Figuring out how to tell them later

Maya is seven now, which is wild to think about. We always knew we wanted to be honest with her about how she was conceived, mostly because I never wanted it to feel like a dirty secret. But trying to explain reproductive endocrinology to a toddler is... weird.

Mark and I totally overthought it. We bought these books with little cartoon test tubes and embryos. But when she was about four, she asked why she didn't have a baby sister yet, and I just sort of blurted out, "Well, Mom and Dad needed a special doctor's help to get you here, and it took a really long time to put our tiny pieces together."

She just looked at me, blinked, said "Okay," and asked for a snack. Literally. That was it. I had been sweating over this conversation for years, and she cared more about getting a handful of Goldfish crackers. Kids are amazingly literal and resilient. They don't have our baggage unless we hand it to them.

If you're in the thick of it right now—whether you're holding a positive test, sitting in an OB waiting room feeling like an imposter, or rocking a tiny baby that science and pure stubbornness built—just know that the anxiety does fade. Eventually, the medical trauma blurs, the clinic visits feel like a lifetime ago, and you're just... a parent. A very tired, coffee-dependent parent.

Before you spiral into another late-night Google panic about milestones or chemical off-gassing in mattresses, go check out Kianao’s organic essentials. Buy yourself one soft, beautiful thing that makes you feel peaceful, and then close your laptop and go to sleep.

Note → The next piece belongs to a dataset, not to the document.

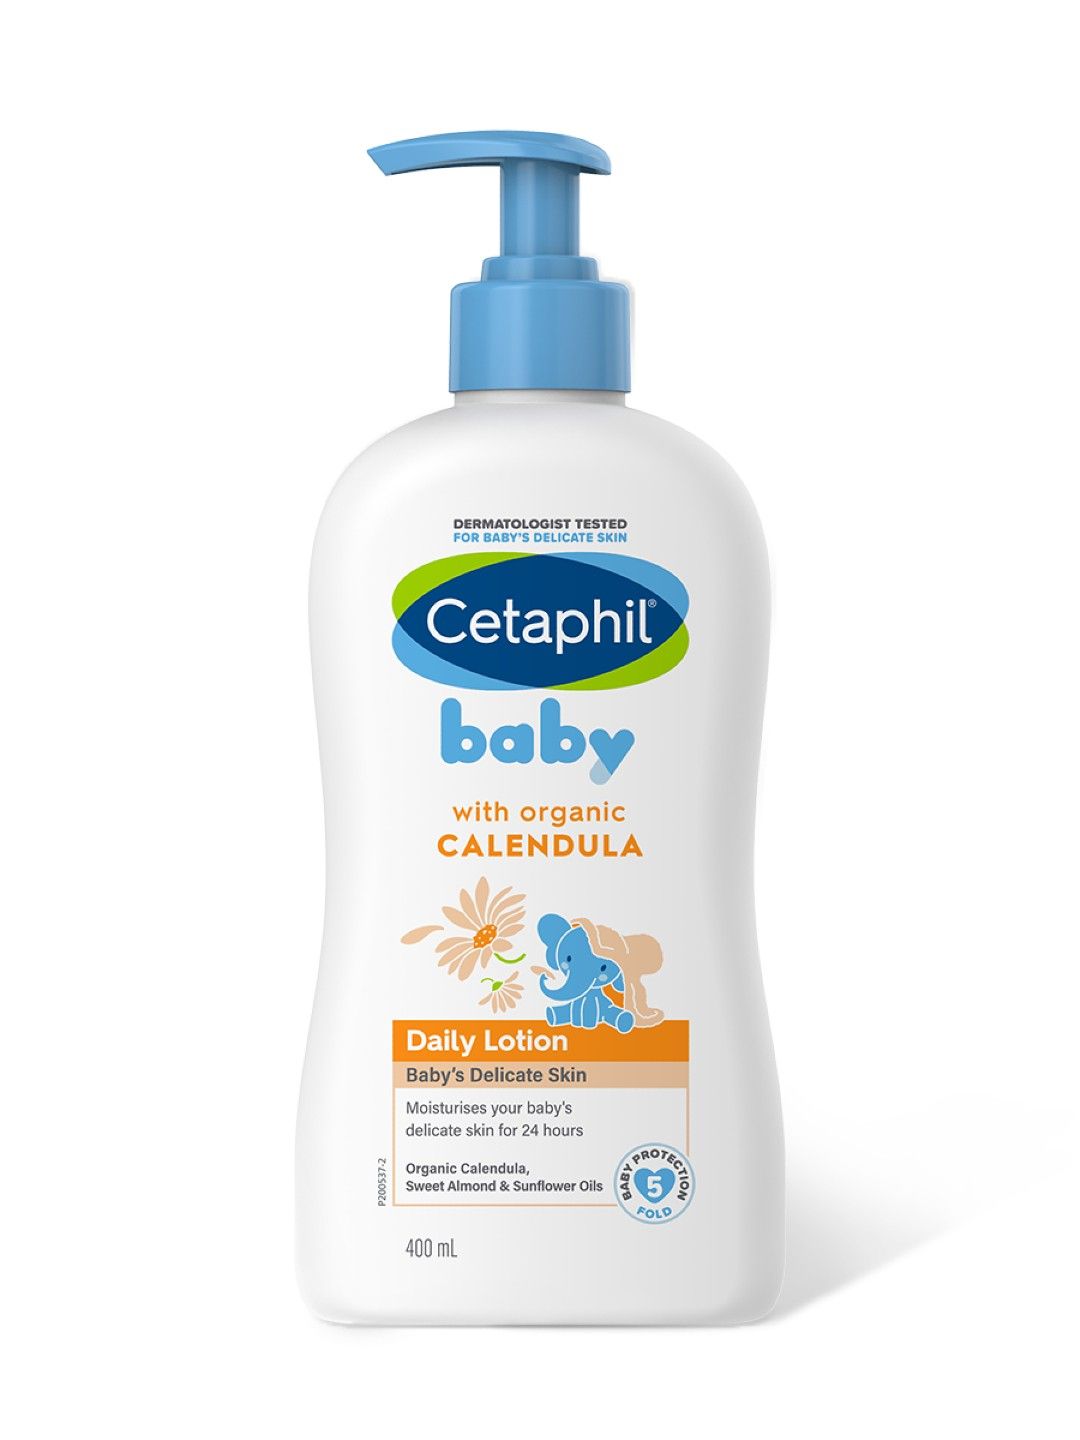 Cetaphil Baby Daily Lotion with Organic Calendula - 400ml
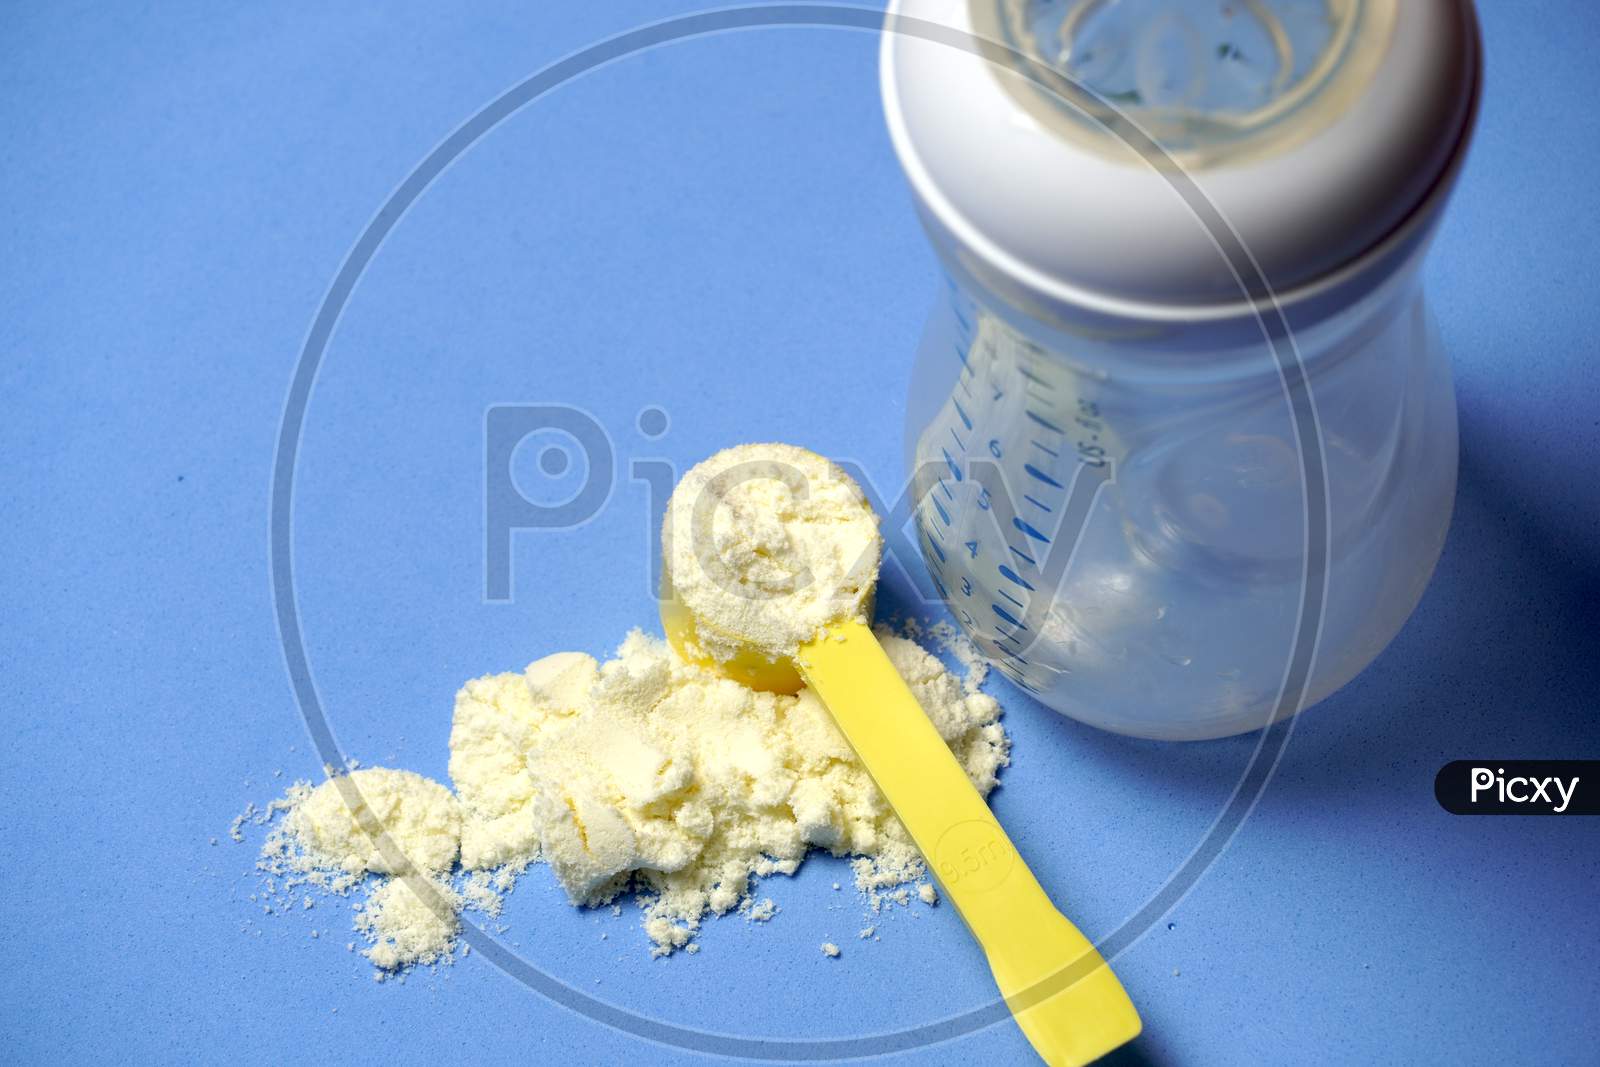 Top View Of Baby Powder Milk With Scoop Next To A Baby Bottle. Formula Milk

The messy questions we all secretly Google

Are babies from IVF usually smaller or something?

I swear I read a hundred contradictory studies about this. Some say fresh transfers are smaller, frozen transfers are bigger, but my doctor basically laughed and said it doesn't matter. Maya was seven pounds and perfectly average. Honestly, the science changes every five minutes, but long-term, they catch up to whatever genetics you and your partner gave them. Don't stress about the birth weight unless your actual doctor tells you to.

Do I really need to buy organic everything just because of IVF?

Need to? No. Will you probably want to? Yes. When you've gone through the wringer of fertility treatments, you become hyper-aware of your environment. I couldn't control my failing ovaries, but I could control what fabric touched my kid's skin. Getting organic cotton just gave my anxious brain one less thing to worry about. Pick your battles—clothes and teethers were my priority, but if they lick a plastic chair at a restaurant later, they'll survive.

Why do I feel so disconnected from my pregnancy?

Because trauma is real! You spent months or years training your brain to expect bad news. Every ultrasound was a potential disaster. It's completely normal if your brain is refusing to bond with the pregnancy right away as a defense mechanism. I didn't let myself honestly believe Maya was real until they handed her to me. Give yourself some grace. The bond comes.

When should I tell my kid they were an IVF baby?

Mark and I started using the words "doctor's help" and "science" when Maya was tiny, just so the vocabulary was always normal in our house. Child psychologists say to keep it simple when they're little and add the actual biology details when they're older. Just don't make it a dramatic sit-down reveal when they're a teenager. Let it just be part of their boring family lore.

Is it normal to hate the newborn stage after trying so hard?

Yes. A million times yes. You're allowed to be profoundly grateful for your child and simultaneously hate running on two hours of sleep with cracked nipples. Infertility doesn't owe the universe a debt of toxic positivity. You're a regular parent now, which means you get to complain about the hard stuff just like everybody else.